Fosson has dexterity to spare. His instrumental style is akin to his early mentor, the American “primitive” guitarist John Fahey, to whose label, Takoma Records, he first recorded in 1976. From then to now, critical appreciation and commercial appeal have run in parallel, and while the fittingly titled Solo Guitar won’t change that, it is nonetheless a breath of fresh air to hear such crystal-clear, fluid and agile guitar playing.
Tony Clayton-Lea - IRISH TIMES - 27 July 2017 





"With a musical timeline dating back to her early childhood, Laura
Baird is an exceptionally talented multi-instrumentalist and
singer-songwriter, best known for her projects with her sister, Meg,
as The Baird Sisters, and guitarist Glenn Jones. Baird’s own sound
stems from the Appalachian folk tradition, and she connects to it via
family lineage--her great-great uncle I.G. Greer’s folk recordings for
the Library of Congress are a large influence. Also woven into her
sonic influences are classical composers like Bach and Satie, and
modern day musicians such as Opal and Yo La Tengo."

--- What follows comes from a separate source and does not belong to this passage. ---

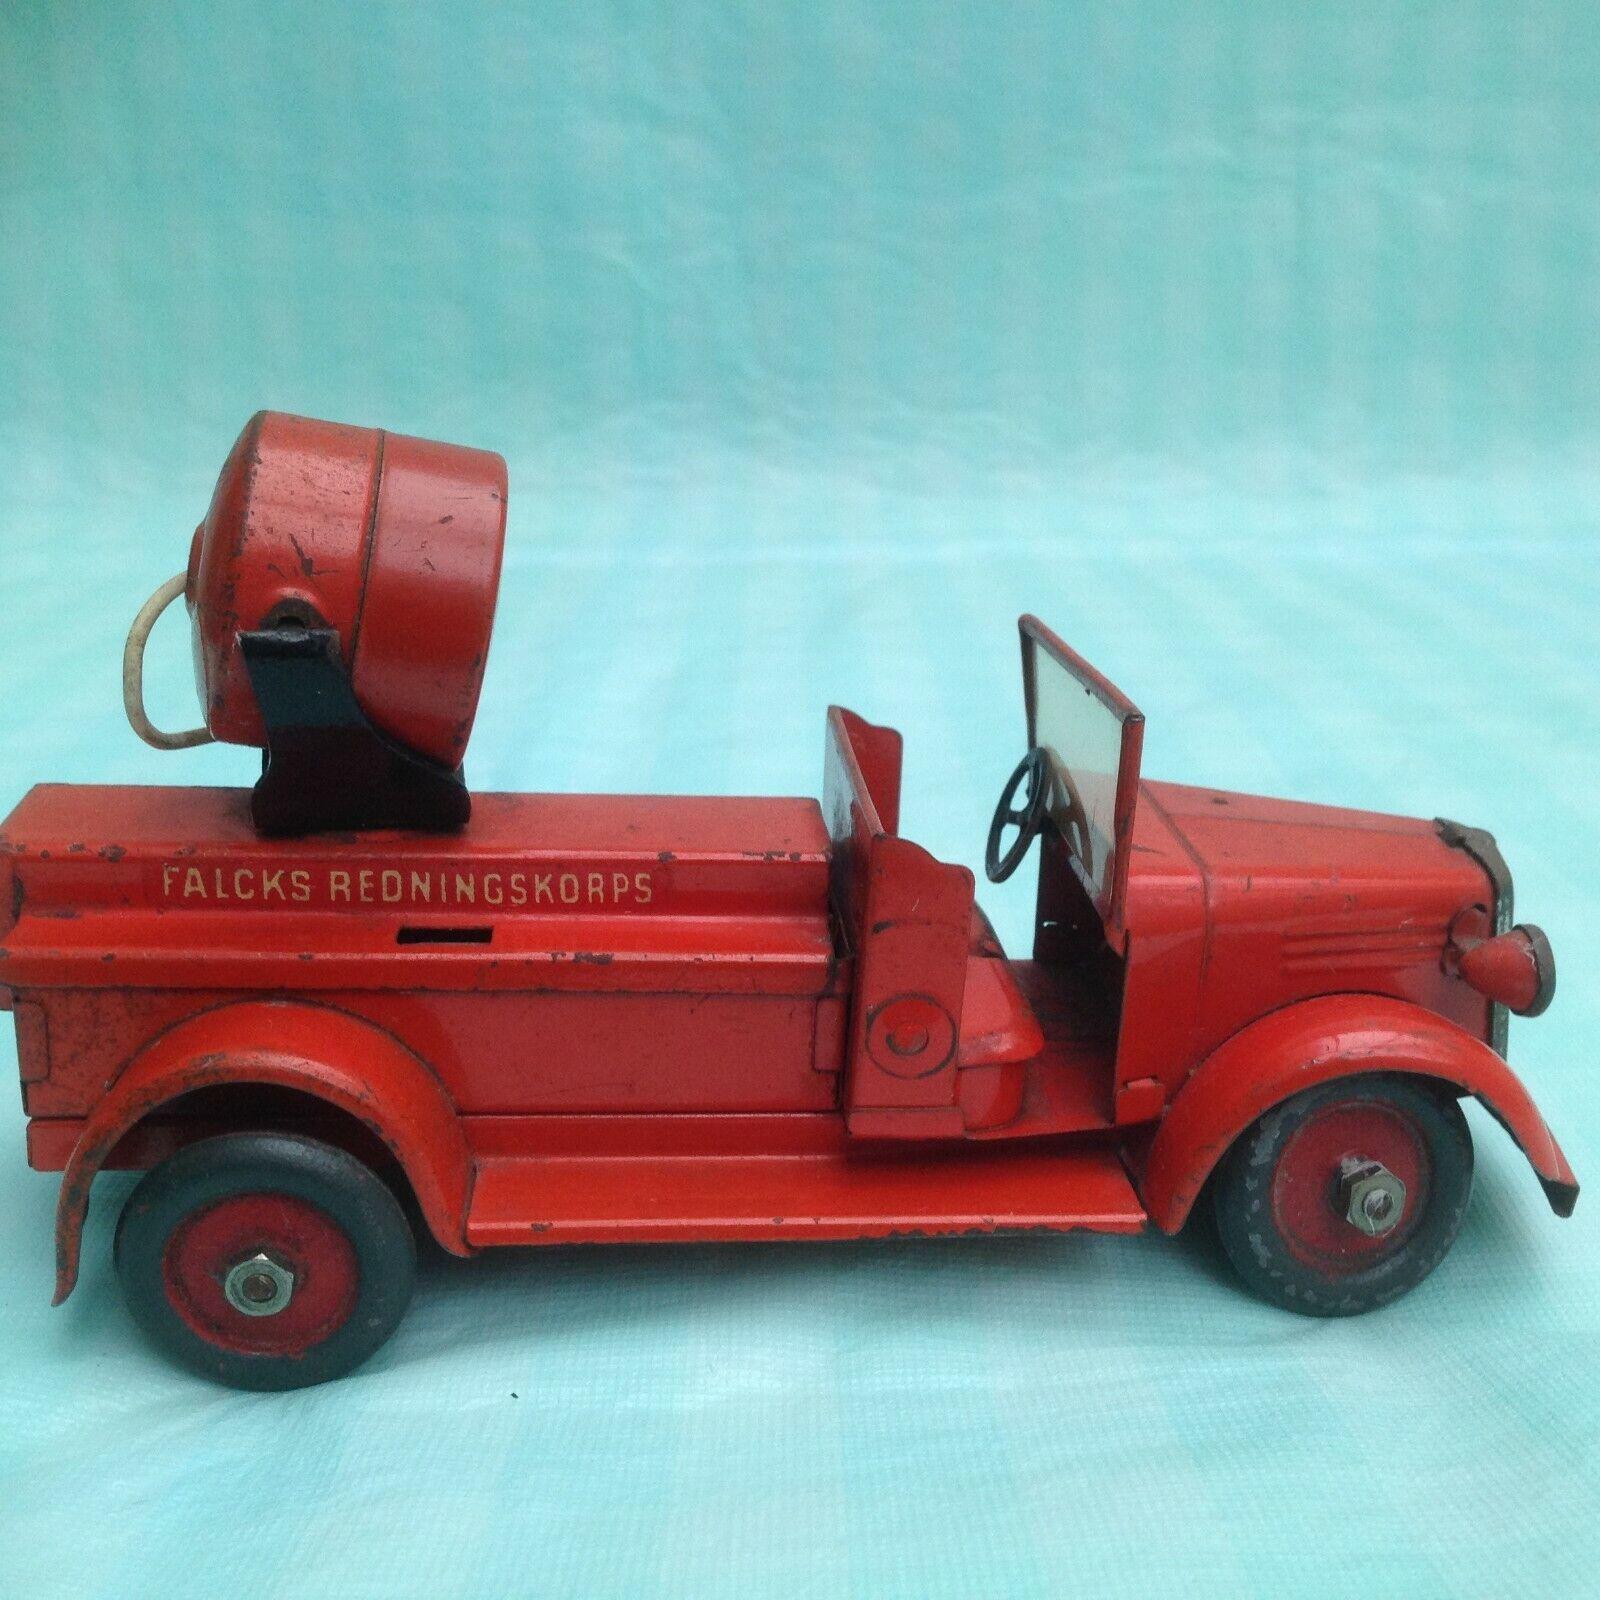 VINTAGE falcks rossoningskorps latta camion dei pompieri con luce di ricerca

"For her upcoming debut solo album, I Wish I Were A Sparrow, Baird
plays odes to the tradition from which she learned to play, combining
Appalachian balladry, the roughness of old field recordings, and a
dose of dreaminess and solitude that captures the distinct environment
of sleepy central New Jersey. This is where Baird departs from
tradition, leaving the communal origins of folk music and capturing
the singular self. An amalgam of old and new can be found in the
overall sound, as well as the lyrics, with half of the songs on
Sparrow, including "Dreadful Wind and Rain" and "Pretty Polly", being
passed down from the folk tradition, and the other half, including
"Wind Wind "and "Love Song From The Earth To The Moon" coming from
Baird’s own hand. While the most salient part of her last Baird
Sisters project was the melding of familial voices and various
instruments, Baird’s solo effort is centered around the combination of
her virtuosic banjo playing and prominent but airy vocals."